Supplied data

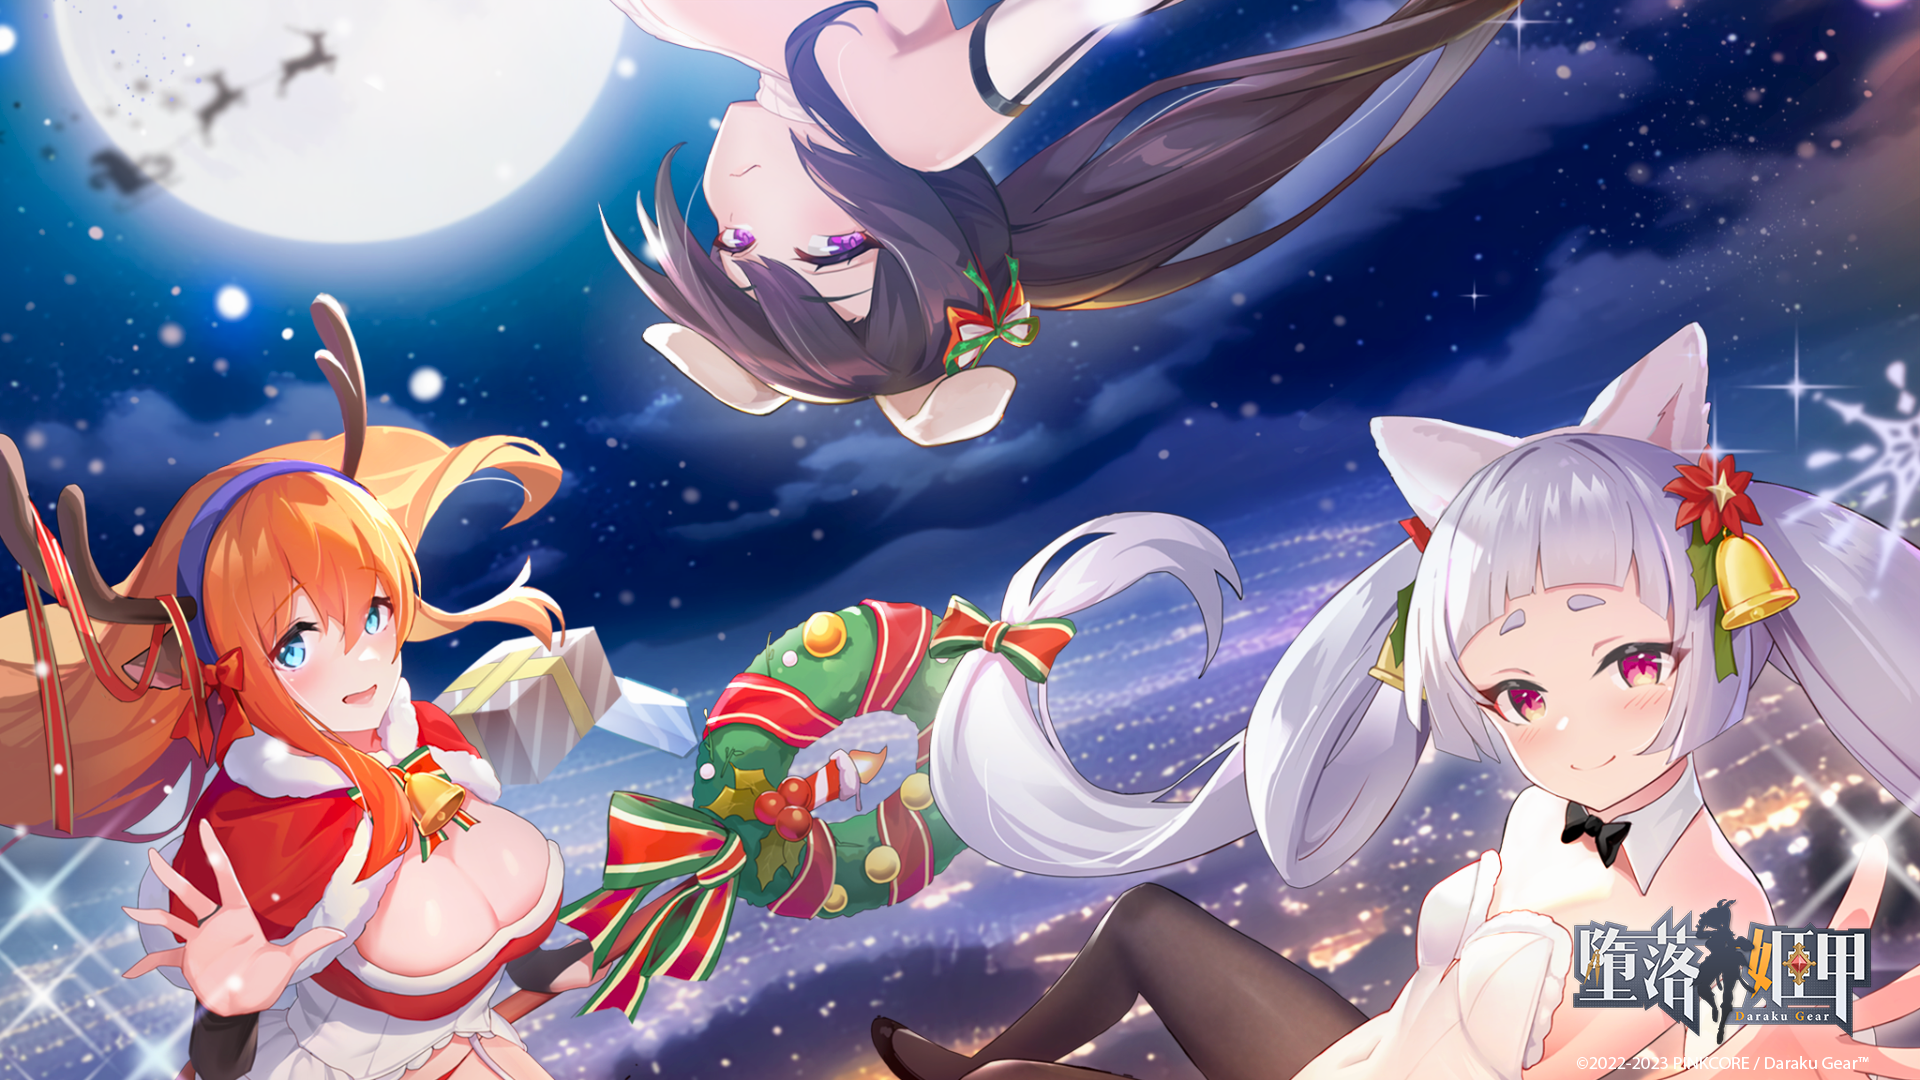 Anime 1920x1080 daraku gear anime girls Christmas women trio Christmas clothes Moon bunny suit upside down looking at viewer snow city lights starry night group of women night falling animal ears Christmas ornaments  logo Christmas presents snowflakes
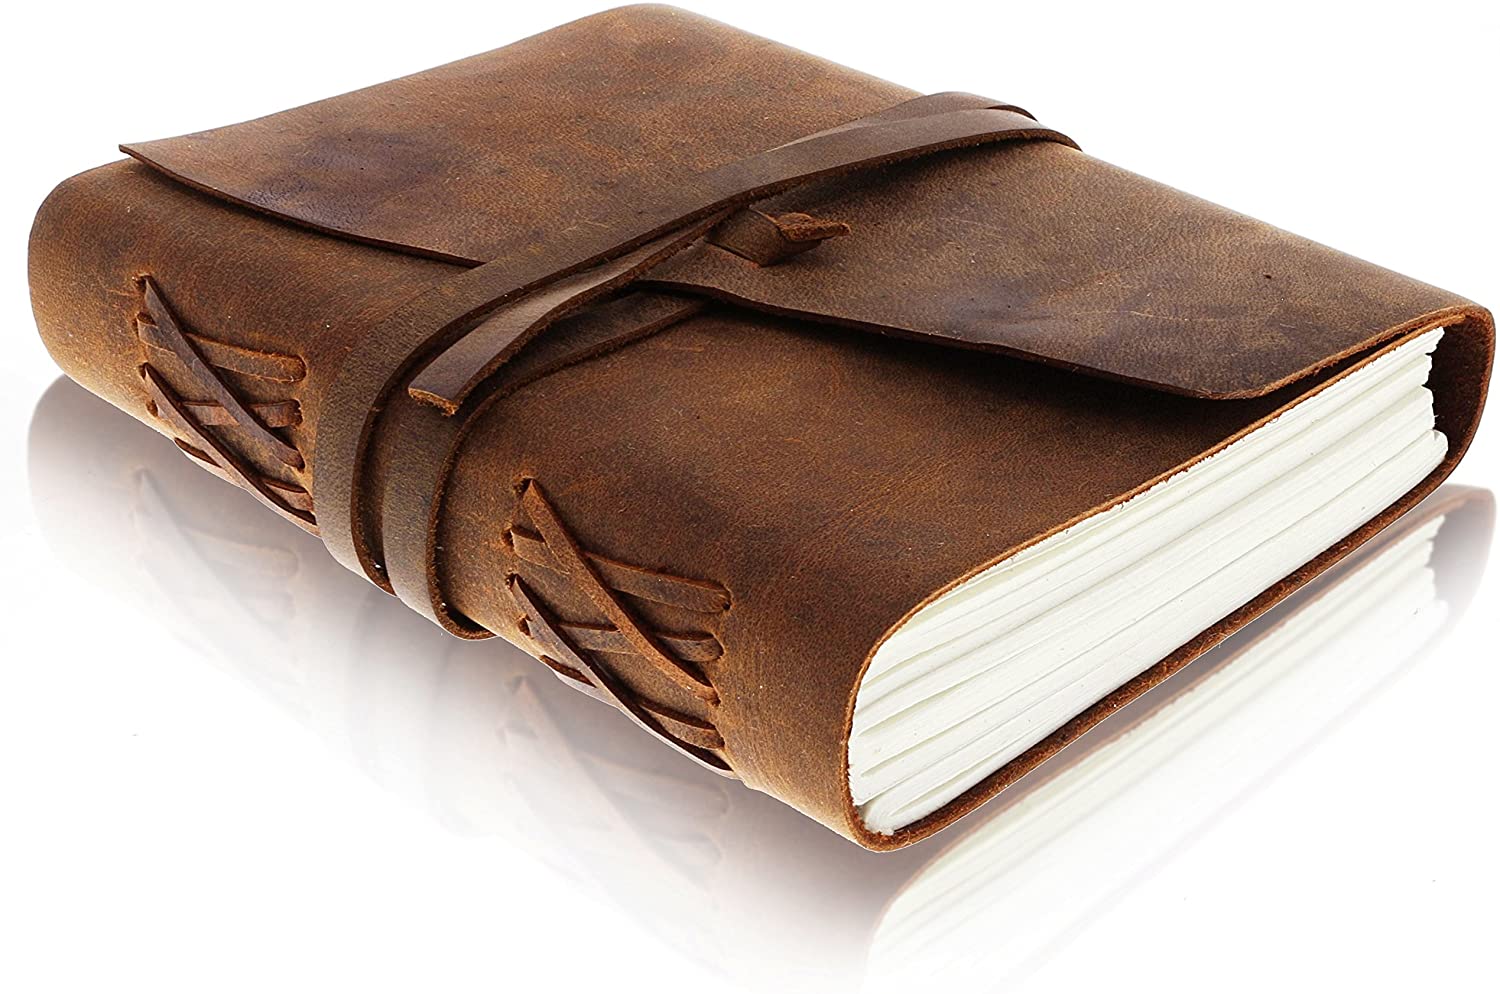 Leather Journal Writing Notebook - Antique Handmade Leather Bound Daily Notepad
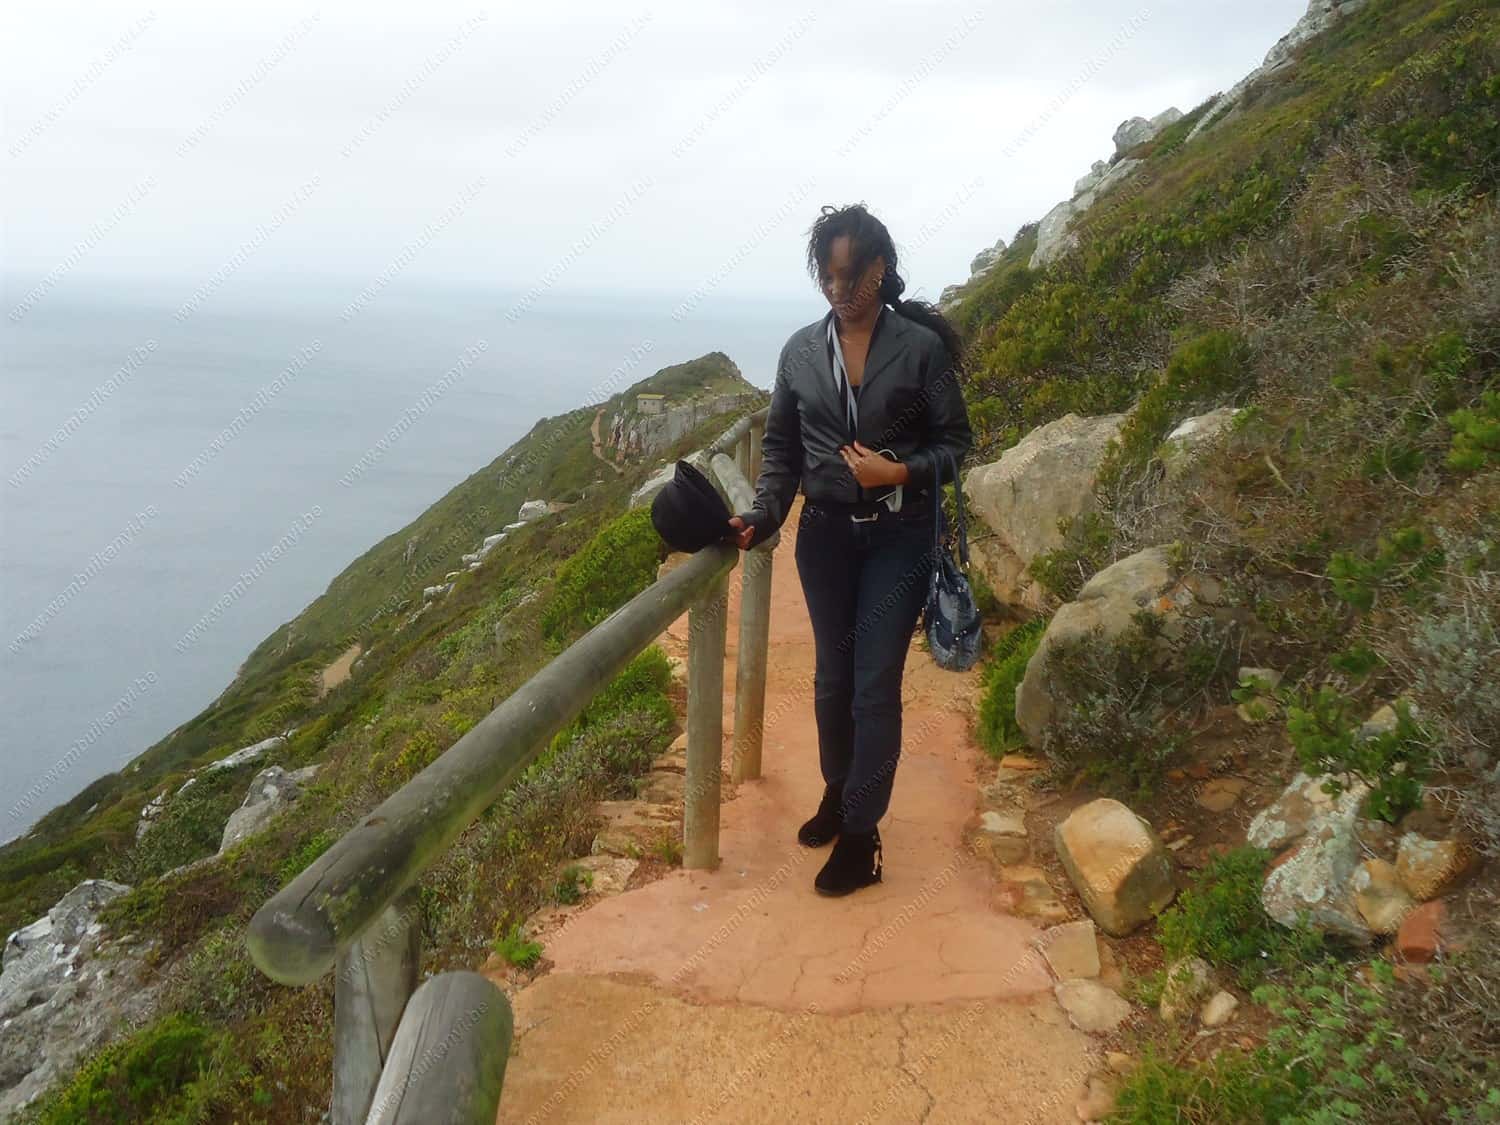 A road Trip to Cape Point

What is required
Drop the pictures, then write out only the lines running from the one containing "Leather Journal Writing" through the last line above, both included, exactly.

Expected answer
 Leather Journal Writing Notebook - Antique Handmade Leather Bound Daily Notepad
 A road Trip to Cape Point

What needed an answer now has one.